Eight Questions With… Ed McDonald Author of #Blackwing

Hi Ed, welcome to TeenLibrarian and thank you for giving up your time for a quick chat about Blackwing!

To begin, would you like to introduce yourself to the audience?

Hi, I’m Ed, and I write books about people waving swords around. I also like to wave swords around myself.

How would you describe Blackwing to arouse the interest of a potential reader?

Blackwing takes a lot of elements that are familiar to people – magic, monsters, war – and puts them into the structure of a thriller. It’s a lot faster in pace than most fantasy books because I wanted to write a ‘page turner’ rather than an exploration of a world as we get in a lot of fantasy. The plot/story is the main thing and a lot of people seem to burn through it in a few days.

You have taken the premise of an alcoholic antihero with a past ™, working for Crowfoot – one of a group of powerful beings who are have shed much of their humanity and not exactly the ‘good’ guys and pit he and his team against a powerful foe that are even worse. What inspired you to write this phenomenal work?

I studied ancient and medieval history and I was looking at doing a PhD about neutrality towards violence. When you look at the way people acted pre 1900 you see that behaviour in a non-policed society is frequently what we would consider sociopathic in its coldness and brutality. How exactly can a leader justify cutting off the noses and ears of fifty prisoners? I wanted to write about people who felt real to me, and that meant thinking myself into the heads of similarly monstrous characters.

One of the most memorable recurring scenes is how Crowfoot contacts Galharrow via the Crow tattoo – how did you come up with that novel concept?

I needed a way for Galharrow to get messages without meeting anyone.
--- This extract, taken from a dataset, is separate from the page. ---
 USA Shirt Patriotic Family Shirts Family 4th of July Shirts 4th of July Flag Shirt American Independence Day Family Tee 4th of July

It’s a bit like getting a text message, in a way! But I also needed it to be something that couldn’t happen frequently, and I liked the idea that it hurt him (and he doesn’t necessarily want it) because it shows how skewed the power relationship is between Galharrow and Crowfoot. When your boss sends you angry message that tear themselves out of your flesh, well, it’s hardly a meeting of equals.
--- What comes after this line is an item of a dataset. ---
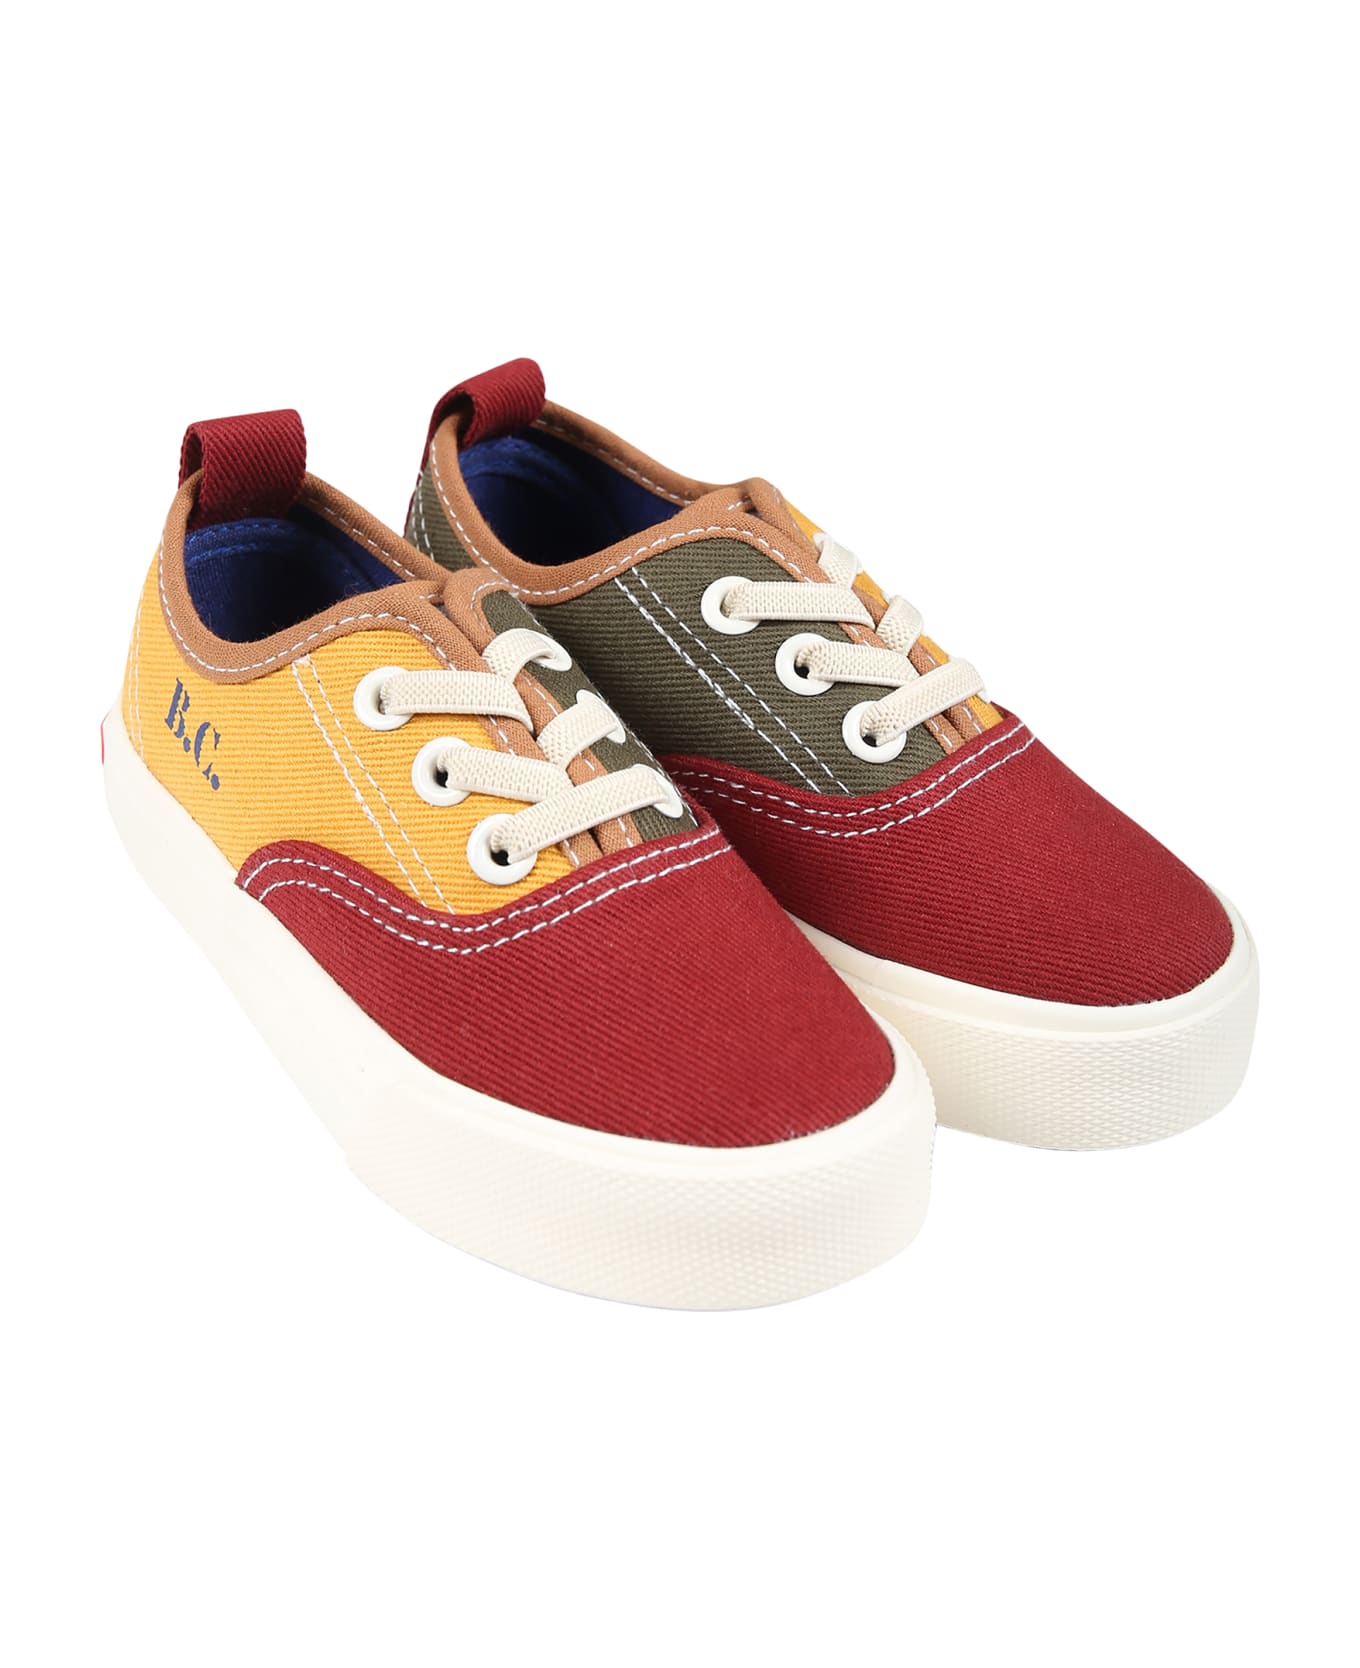 Bobo Choses Multicolor Sneakers For Kids With Logo - Multicolor シューズ

I know most people reading this interview have still got the joy of experiencing reading Blackwing for the first time but for those (like me) who have already done so – what can we expect in book 2 – or is that still top secret?

Book 2 is written and I’m editing it at the moment. Avoiding spoilers as much as I can, the idea that’s put forward in the final chapter of Blackwing is the launching point for the next book. We see a return of pretty much every (surviving!) character in one form or another. The war goes on, there’s a new threat rising and again there’s a race against time to save the day. Obviously!

There has been an upsurge in the GrimDark Fantasy subgenre in recent years but I think that Blackwing is near the top of the pile being eminently readable and well great fun without sacrificing any of the dark notes – can you recommend any titles by other authors for readers interested in exploring dark fantasy?

I definitely like my GrimDark to be on the lighter side – I love the grit but I’ve no interest in excessive gore, torture-porn or sexual violence. To me, a fantasy book should be fun, not a trauma. For that reason I’d recommend The Straight Razor Cure by Daniel Polansky (the third book in the series is the real gem), and Joe Abercrombie’s series that begins with Half a King is a great introduction for a YA audience. Joe manages to start out fairly light but by the end, boy are we in the grit, and I like that (and again, no excess).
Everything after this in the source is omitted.